Again, I was at another time very ill and weak, all that time also the tempter did beset me strongly, (for I find that he is much for assaulting the soul when it begins to approach towards the grave; then is his opportunity,) laboring to hide from me my former experience of God's goodness: also setting before me the terrors of death, and the judgment of God, insomuch that at this time, through my fear of miscarrying forever, (should I now die,) I was as one dead before death came, and was as if I had felt myself already descending into the pit; methought I said, there was no way, but to hell I must; but behold, just as I was in the midst of those fears, these words of the angel's carrying Lazarus into Abraham's bosom darted in upon me, as who should say, "So it shall be with thee when thou dost leave this world." This did sweetly revive my spirits, and help me to hope in God; which when I had with comfort mused on a while, that word fell with great weight upon my mind, "O death, where is thy sting? O grave, where is thy victory?" At this I became both well in my body and mind at once, for my sickness did presently vanish, and I walked comfortably in my work for God again.
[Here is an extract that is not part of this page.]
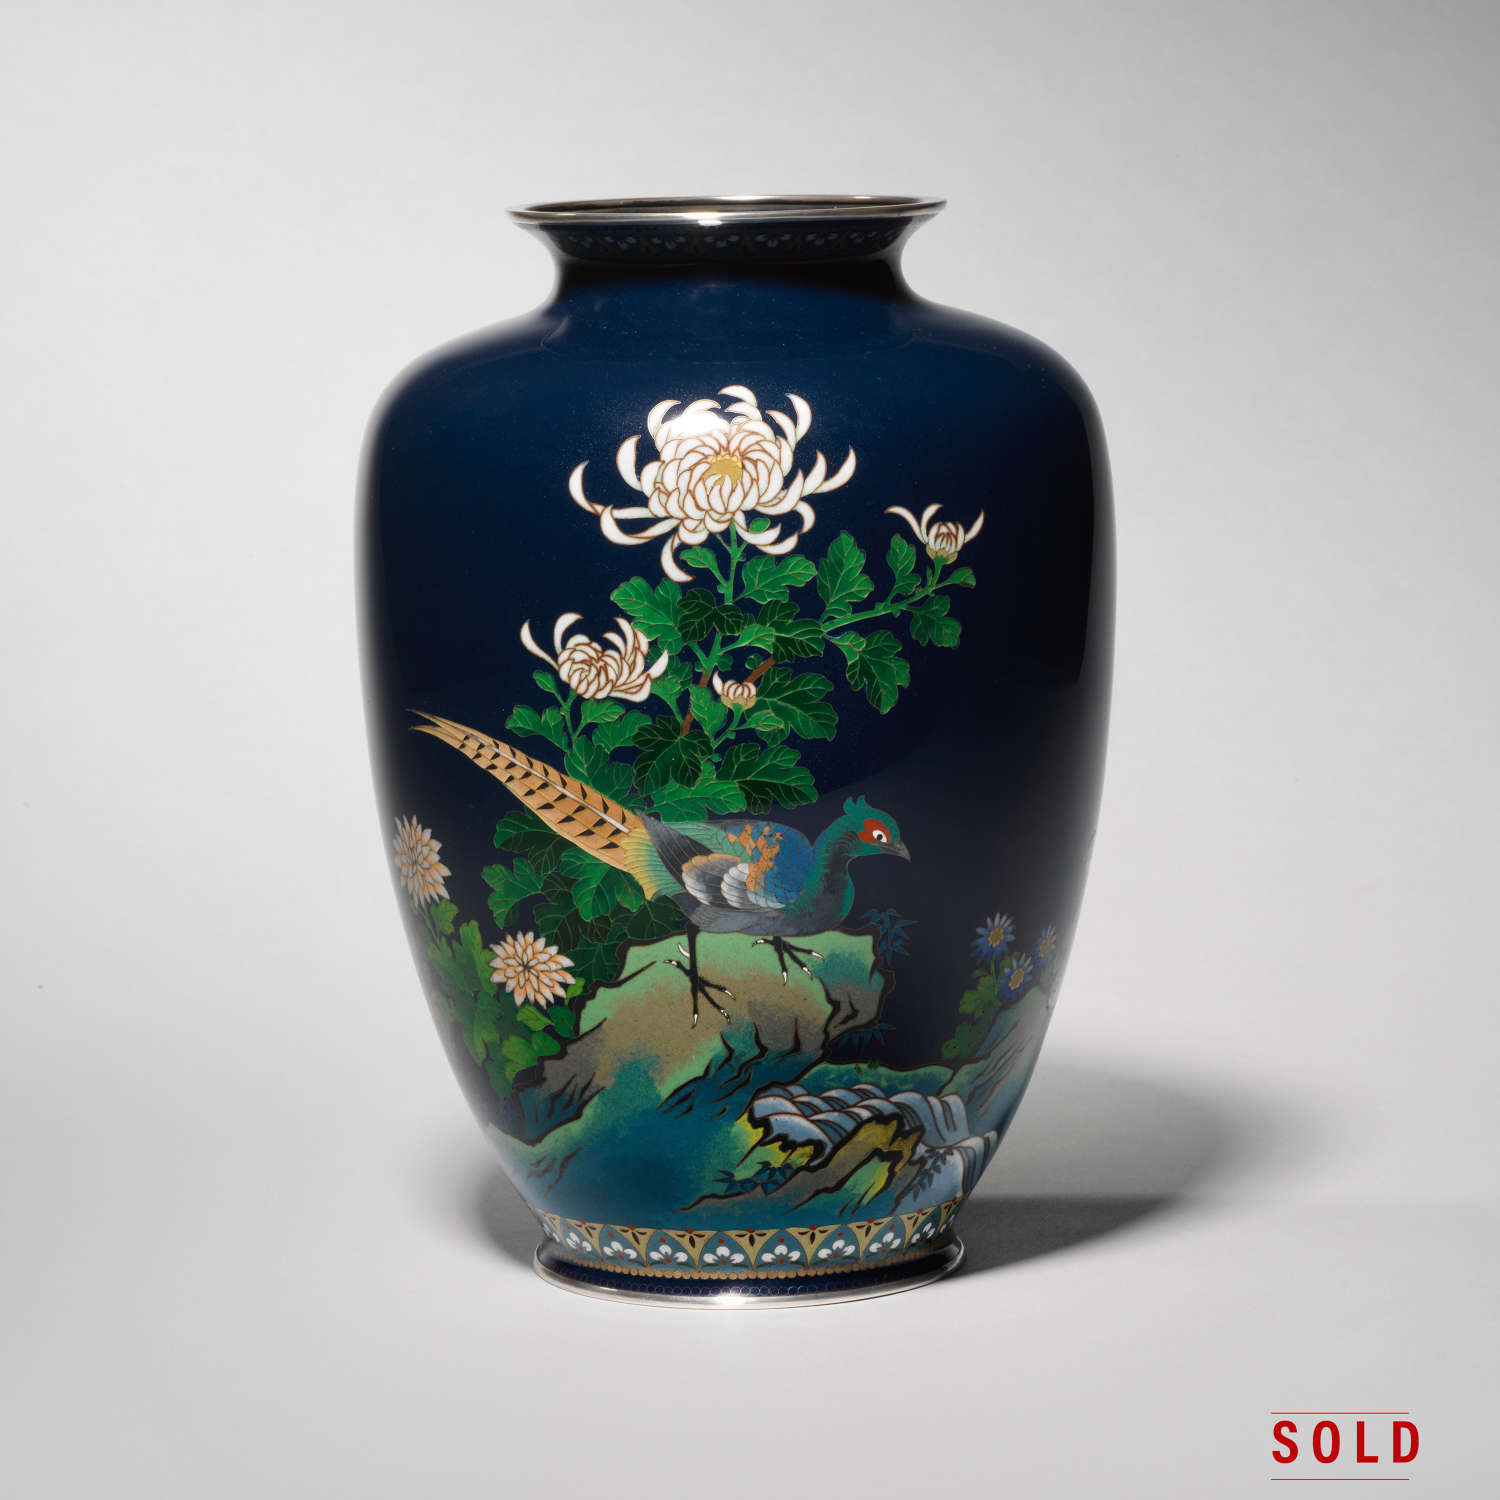 Japanese cloisonné enamel vase by Ando Jubei Taishō period

At another time, though just before I was pretty well and savory in my spirit, yet suddenly there fell upon me a great cloud of darkness, which did so hide from me the things of God and Christ, that I was as if I had never seen or known them in my life. I was also so overrun in my soul with a senseless, heartless frame of spirit, that I could not feel my soul to move or stir after grace and life by Christ; I was as if my loins were broken, or as if my hands and feet had been tied or bound with chains. At this time also I felt some weakness to seize upon my outward man, which made still the other affliction the more heavy and uncomfortable to me.

After I had been in this condition some three or four days, as I was sitting by the fire, I suddenly felt this word to sound in my heart, "I must go to Jesus," at this my former darkness and atheism fled away, and the blessed things of heaven were set within my view. While I was on this sudden thus overtaken with surprise, "Wife," said I, "is there ever such

a Scripture, 'I must go to Jesus'?" She said she could not tell; therefore I stood musing still, to see if I could remember such a place; I had not sat above two or three minutes, but that came bolting in upon me, "And to an innumerable company of angels;" and withal the 12th chapter of Hebrews, about the Mount Sion was set before mine eyes.
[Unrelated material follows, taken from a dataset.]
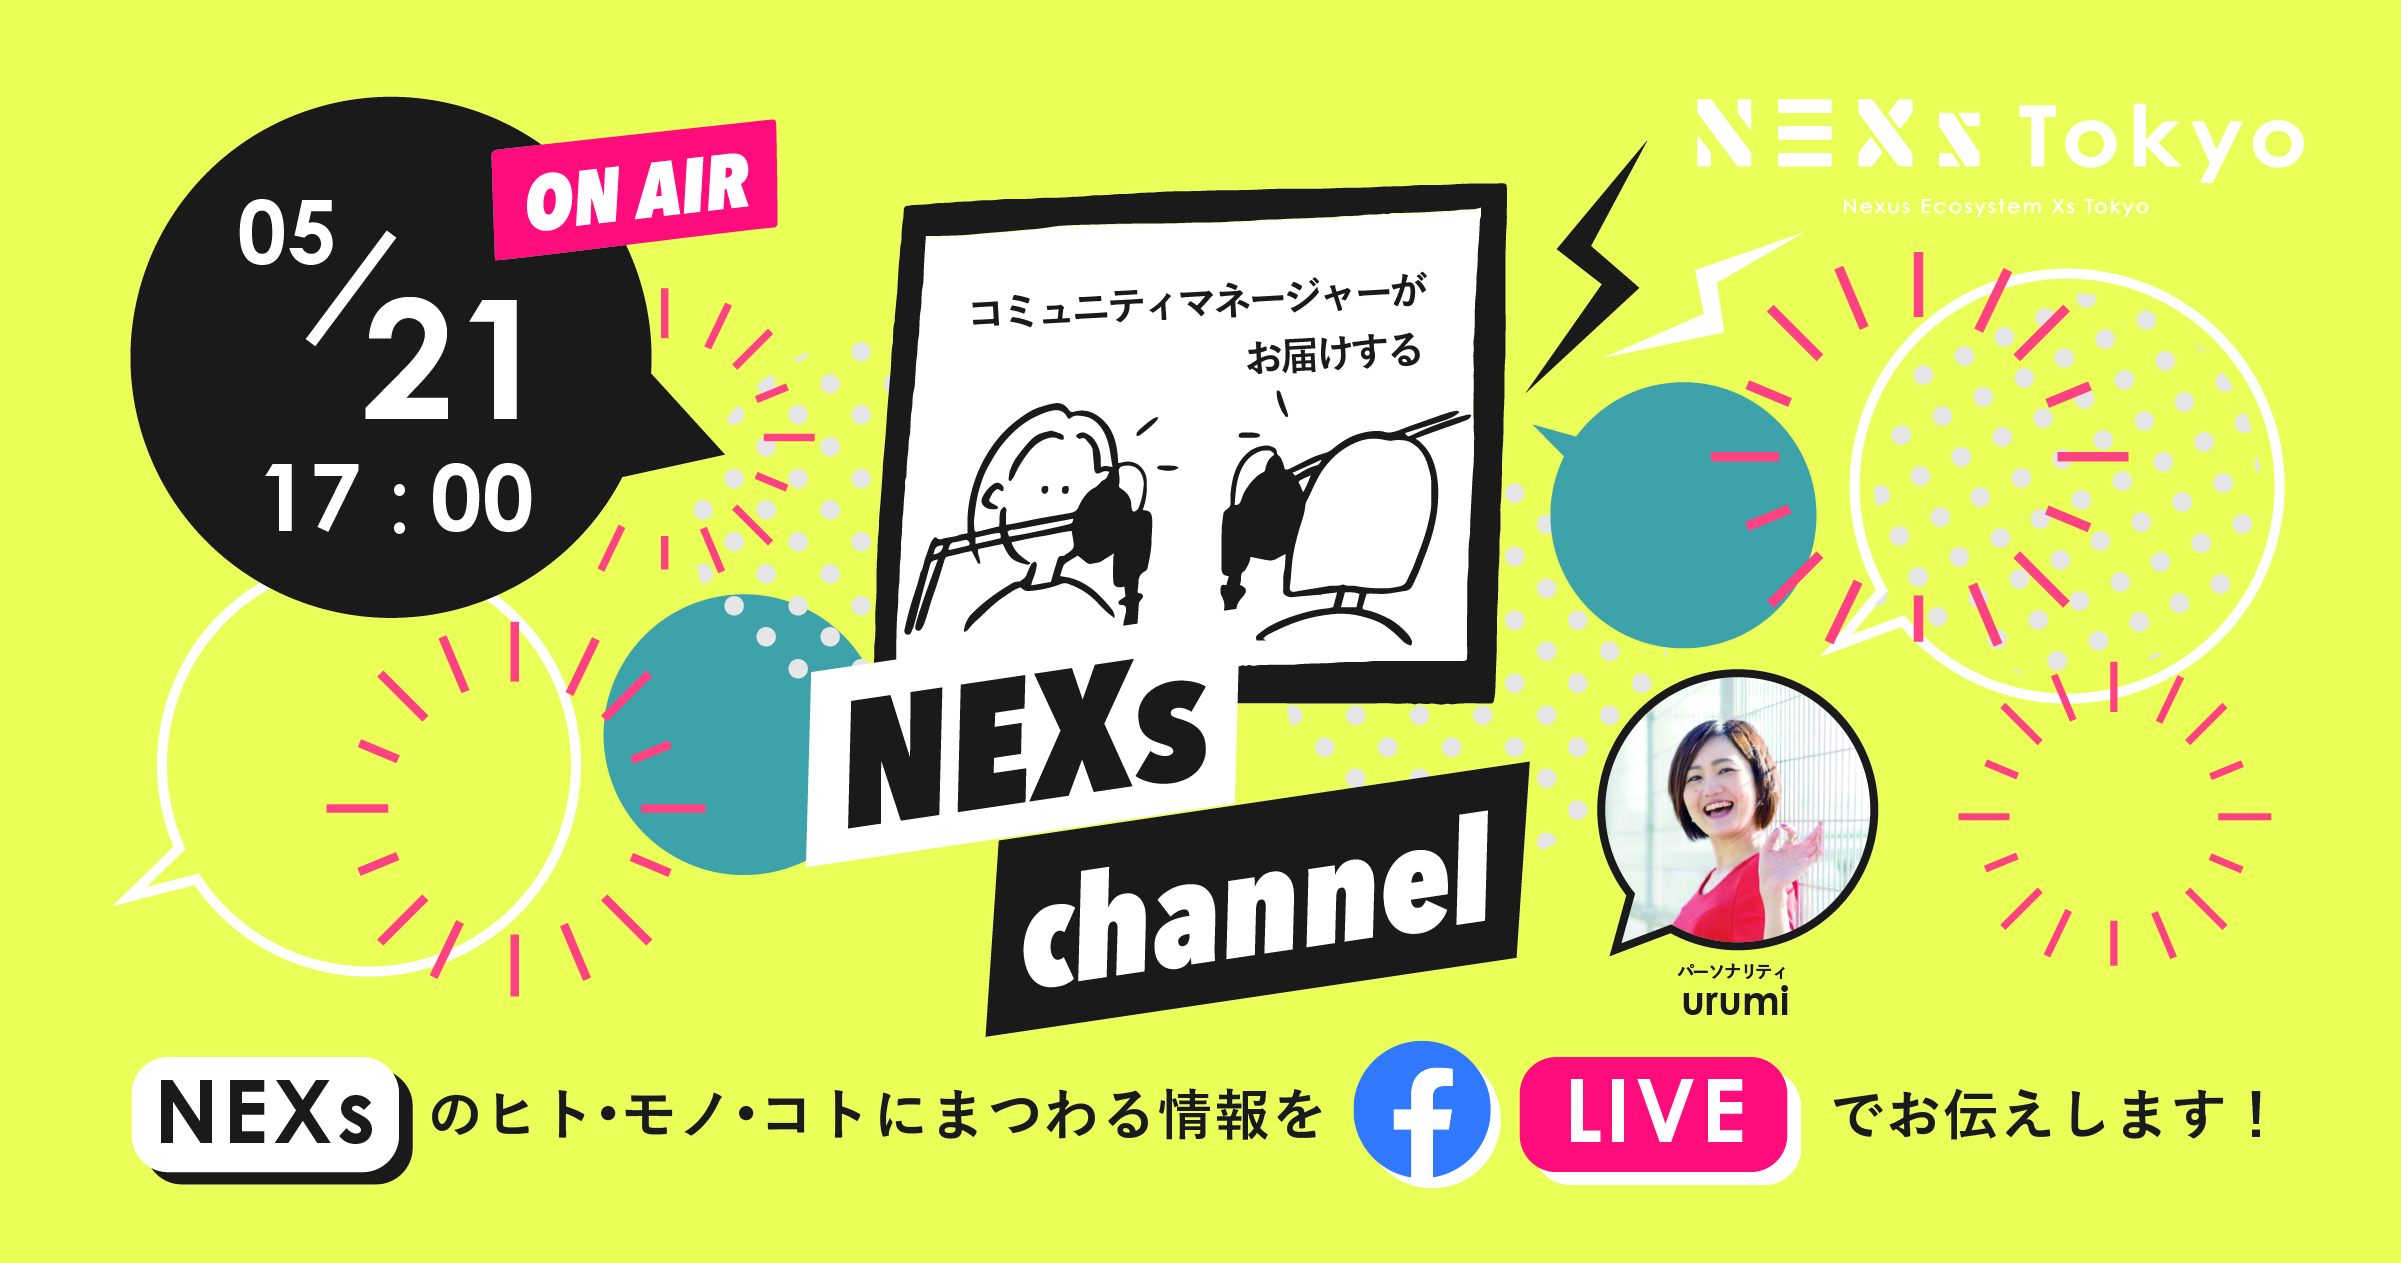 NEXs channel #5 -NEXsTokyoのヒト・モノ・コトを特設ラジオブースから生放送でお届け！-

Then with joy I told my wife, "Oh! now I know, I know!" But that night was a good night to me, I never had but few better; I longed for the company of some of God's people, that I might have imparted unto them what God had showed Christ was a precious Christ to my soul that night; I could scarce lie in my bed for joy, and peace, and triumph, through Christ. This great glory did not continue upon me until morning, yet the 12th chapter of the Hebrews was a blessed Scripture to me for many days together after this.
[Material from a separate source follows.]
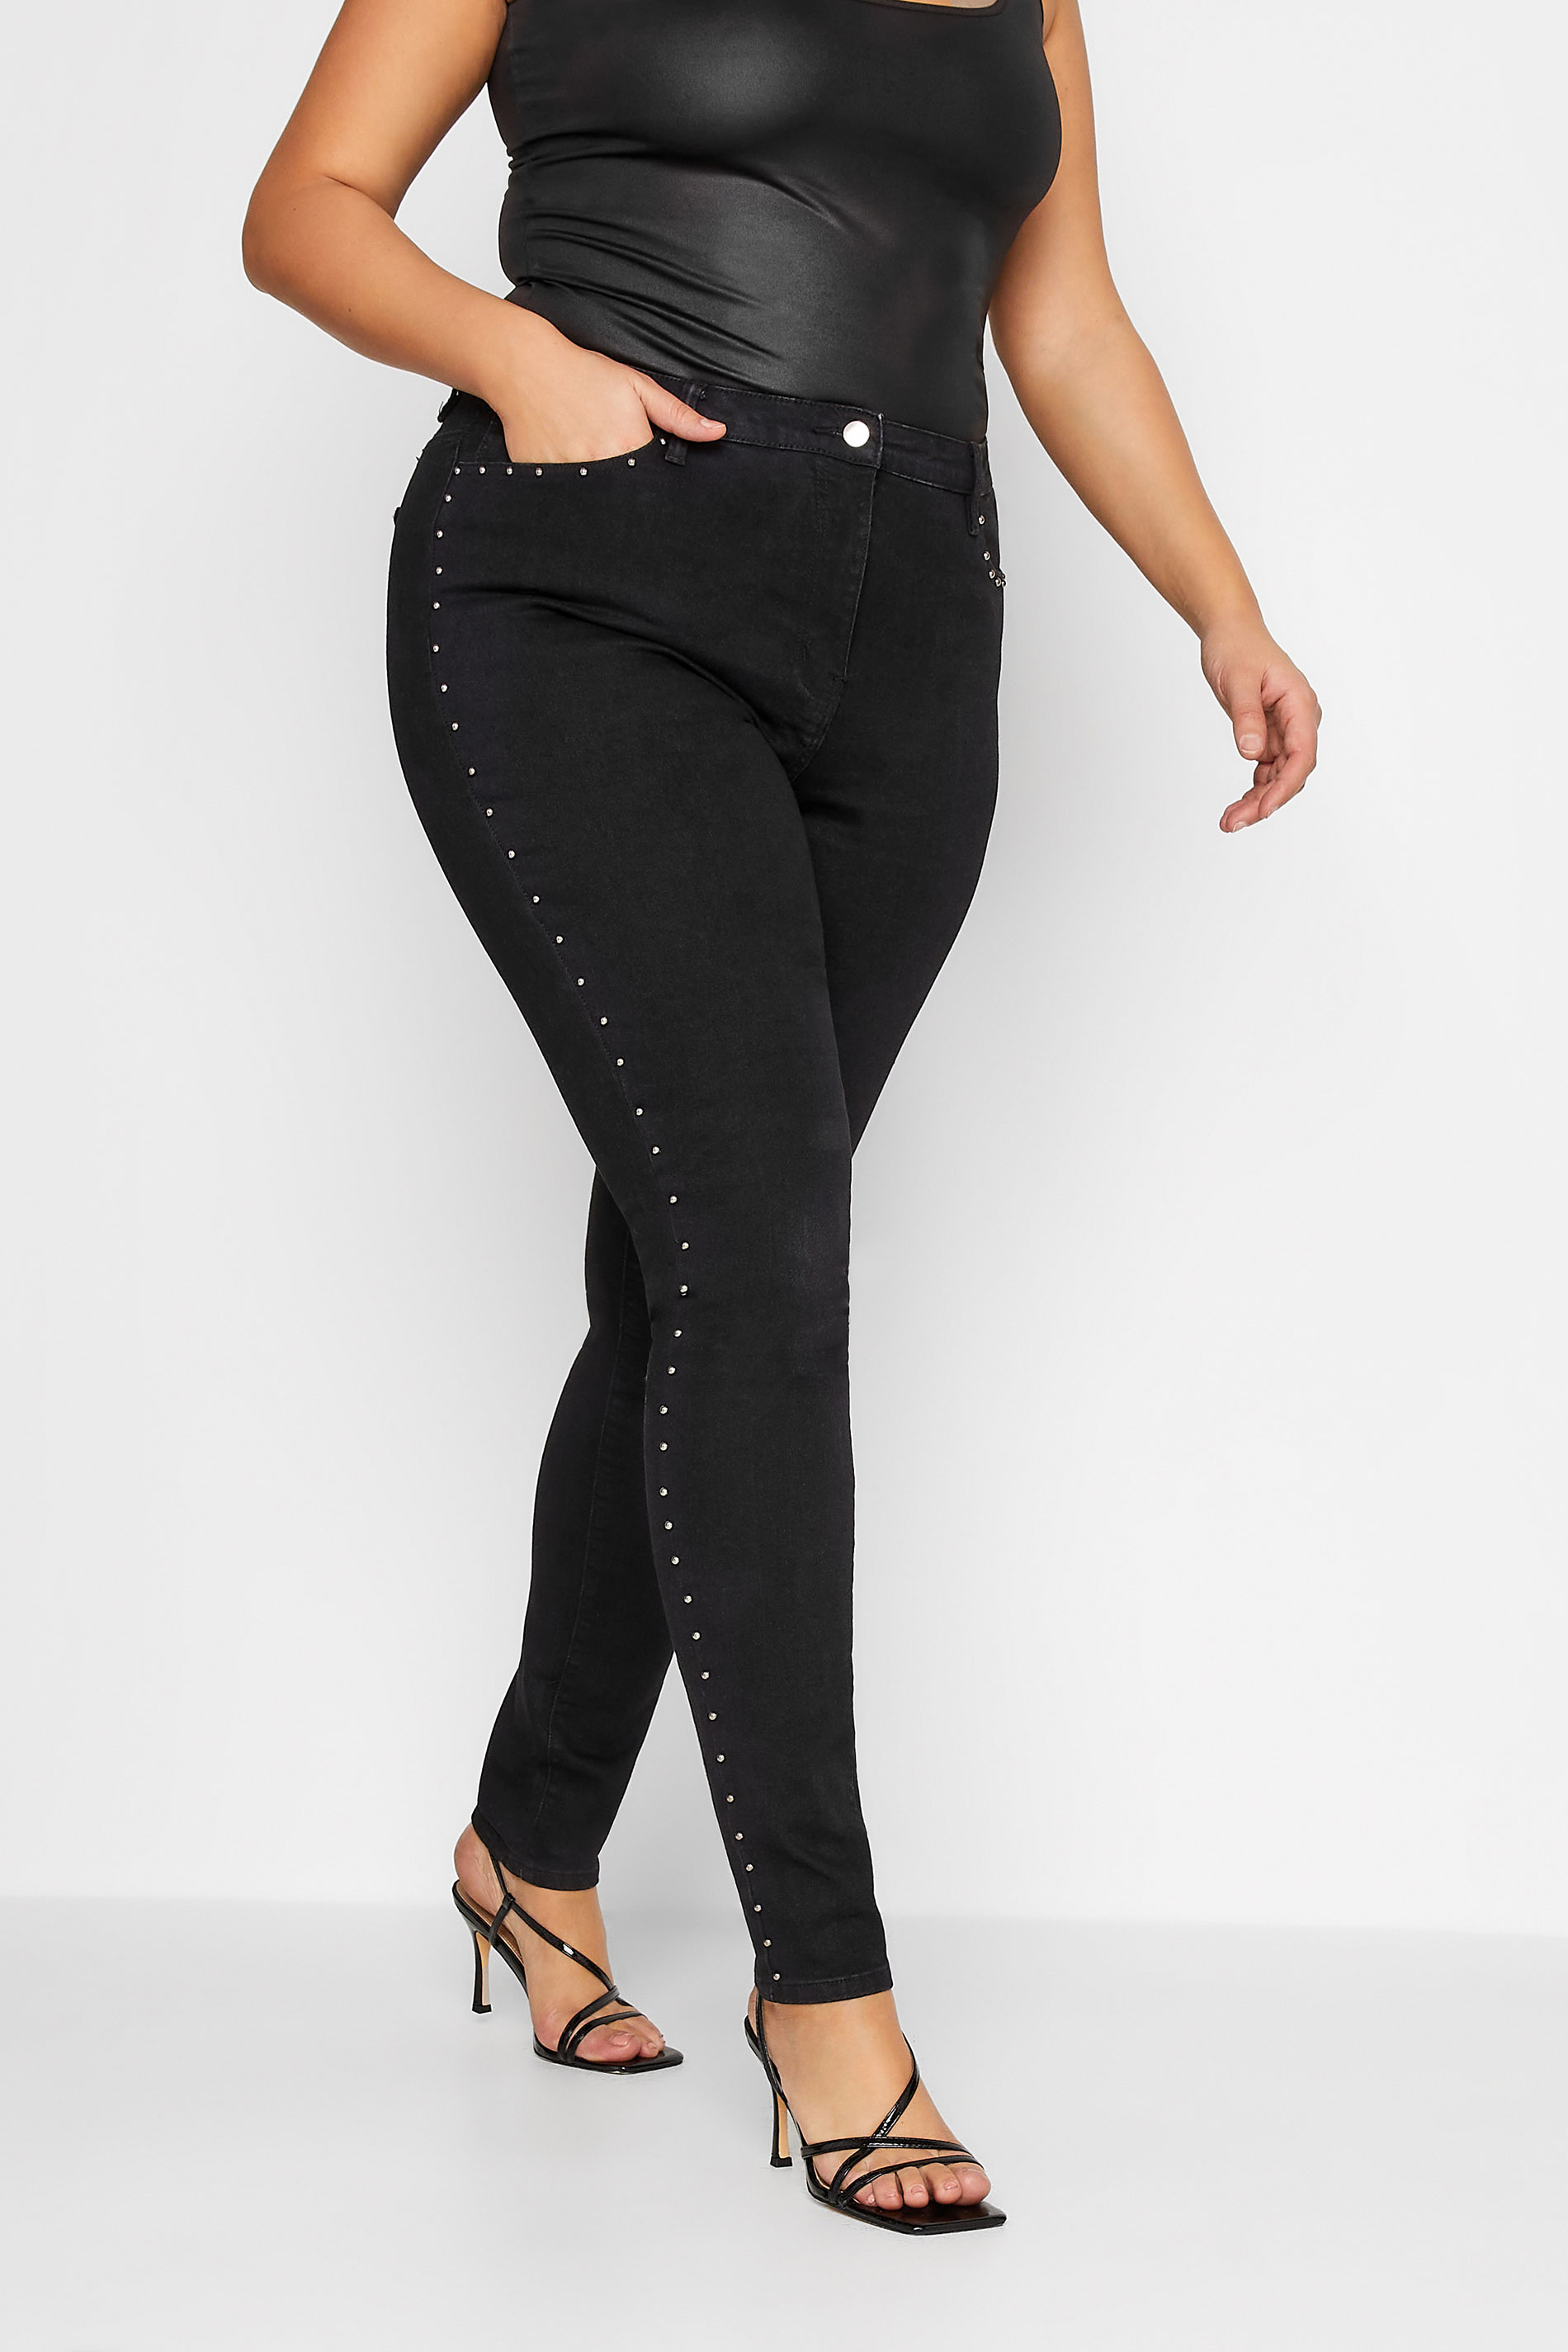 LTS Tall Women's Black Studded AVA Skinny Jeans | Long Tall Sally 1

The words are these: "Ye are come to Mount Sion, to the city of the living God, to the heavenly Jerusalem, and to an innumerable company of angels, to the general assembly and church of the first-born, which are written in heaven; to God the Judge of all, and to the spirits of just men made perfect, and to Jesus, the Mediator of the New Testament, and to the blood of sprinkling, that speaketh better things than that of Abel." Through this sentence the Lord led me over and over, first to this word, and then to that; and showed me wonderful glory in every one of them. These words also have oft since that time, been great refreshment to my spirit. Blessed be God for having mercy on me!